Vigée Le Brun left a legacy of some 660 portraits and 200 landscapes. In addition to many works in private collections, her paintings are owned by major museums, such as the Louvre, Hermitage Museum, National Gallery in London, Metropolitan Museum of Art in New York, and many other collections in continental Europe and the United States.

Born in Paris on 16 April 1755, Élisabeth Louise Vigée was the daughter of a portraitist and fan painter, Louis Vigée, from whom she received her first instruction. Her mother, Jeanne (née Maissin) (1728–1800), was a hairdresser. In 1760, at the age of five, she entered a convent, where she remained until 1766. Her father died when she was twelve years old. In 1768, her mother married a wealthy jeweler, Jacques-François Le Sèvre, and shortly after, the family moved to the Rue Saint-Honoré, close to the Palais Royal. In her memoir, Vigée Le Brun directly stated her feelings about her step-father: "I hated this man; even more so since he made use of my father's personal possessions.
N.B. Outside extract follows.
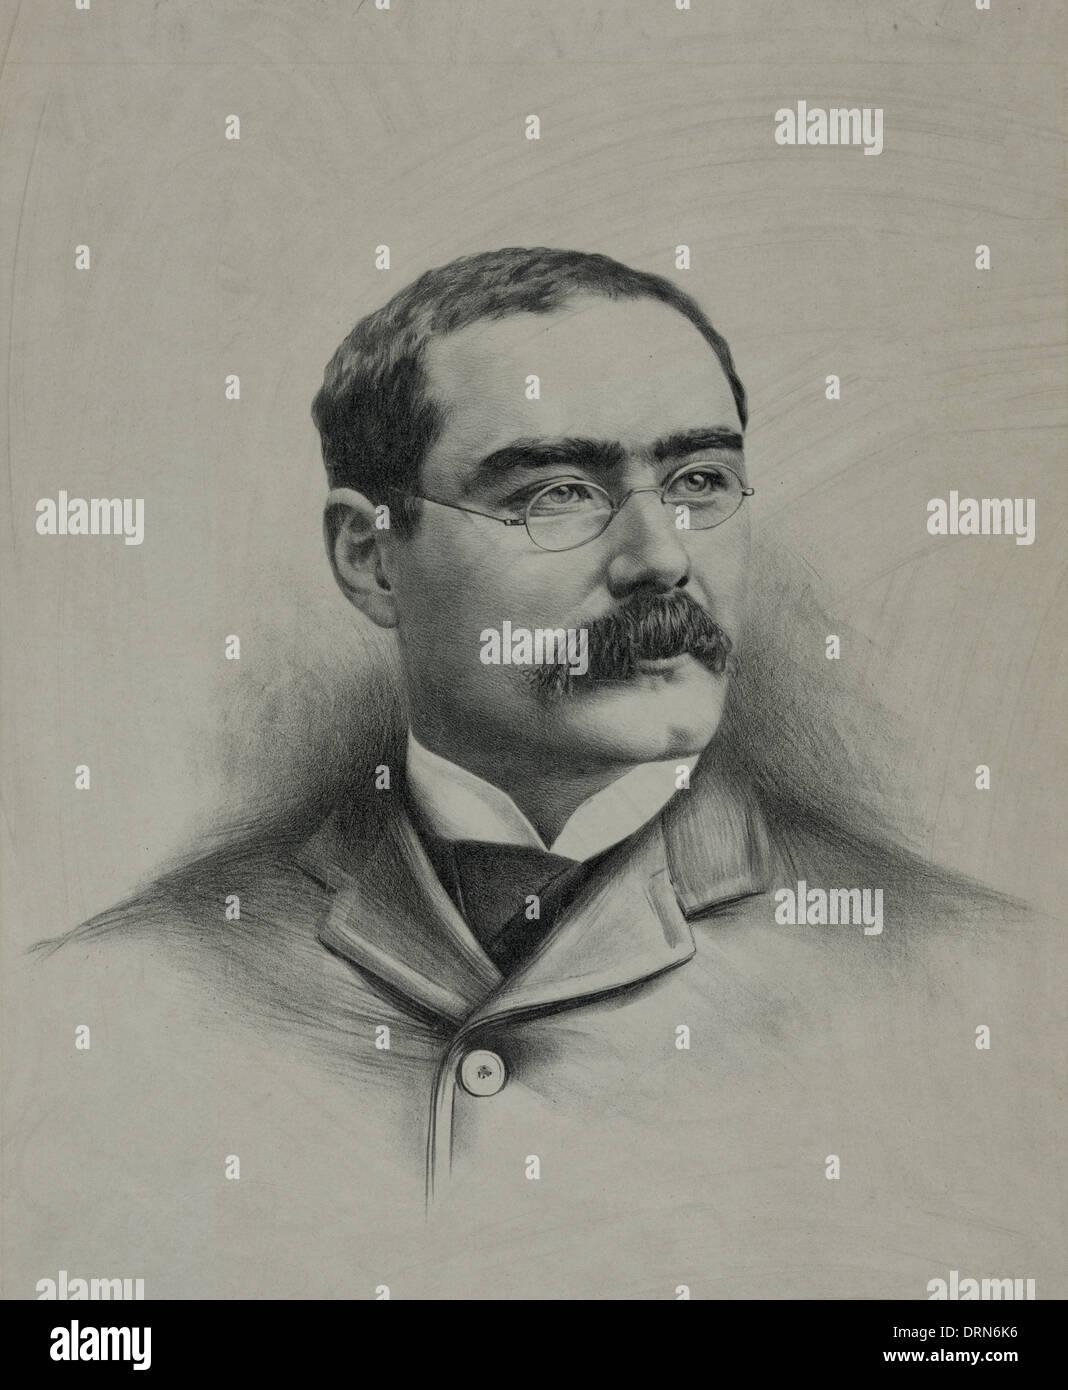 Rudyard Kipling Stock Photos & Rudyard Kipling Stock Images - Alamy
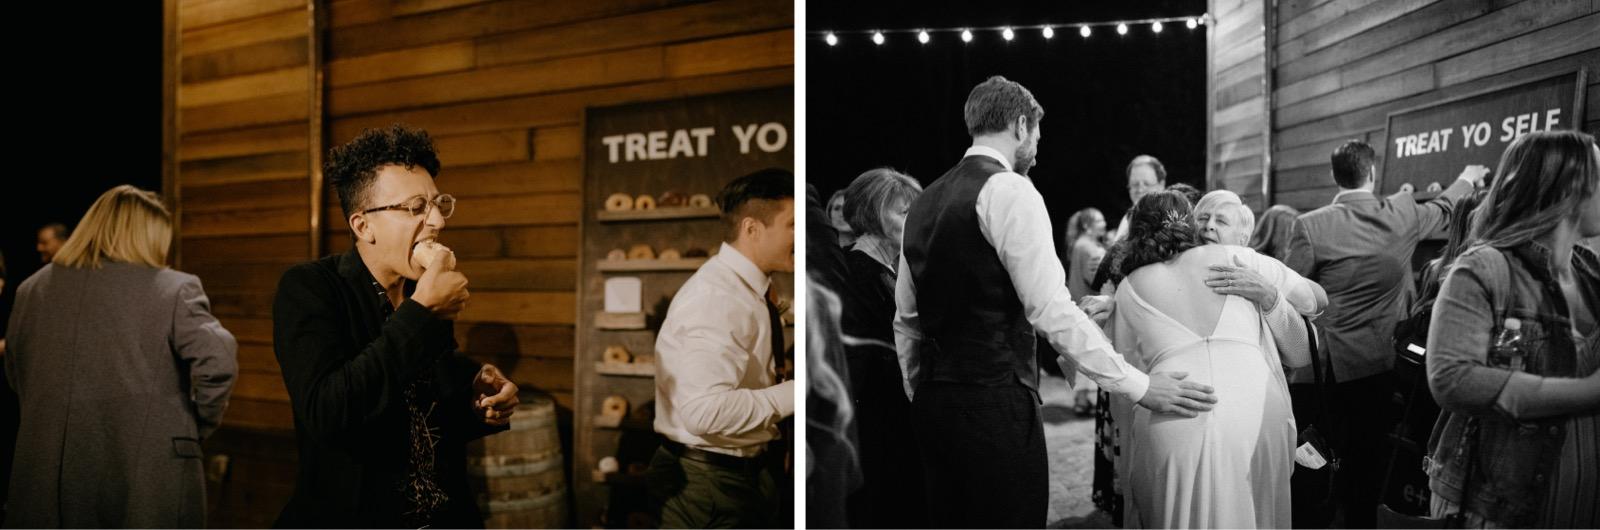 131_Emily & Jeff Wedding 1118_Emily & Jeff Wedding 1117_the-waterfall-lodge_forest_wedding_ben-lomond_intimate

He wore his clothes, just as they were, without altering them to fit his figure." During this period, Élisabeth benefited from the advice of Gabriel François Doyen, Jean-Baptiste Greuze, and Joseph Vernet, whose influence is evident in her portrait of her younger brother, Étienne Vigée (1773).

By the time she was in her early teens, Élisabeth was painting portraits professionally. After her studio was seized for her practicing without a license, she applied to the Académie de Saint-Luc, which unwittingly exhibited her works in their Salon. In 1774, she was made a member of the Académie. On 11 January 1776 she married Jean-Baptiste-Pierre Le Brun, a painter and art dealer. Vigée Le Brun began exhibiting her work at their home in Paris, the Hôtel de Lubert, and the Salons she held here supplied her with many new and important contacts. Her husband's great-great-uncle was Charles Le Brun, the first director of the French Academy under Louis XIV. Vigée Le Brun painted portraits of many of the nobility.

On 12 February 1780, Vigée-Le Brun gave birth to a daughter, Jeanne Julie Louise, whom she called Julie and nicknamed "Brunette."

In 1781 she and her husband toured Flanders and the Netherlands, where seeing the works of the Flemish masters inspired her to try new techniques. Her Self-Portrait with Straw Hat (1782) was a "free imitation" of Peter Paul Rubens' La Chapeau de Paille (ca. 1622-25). Dutch and Flemish influences have also been noted in The Comte d'Espagnac (1786) and Madame Perregaux (1789).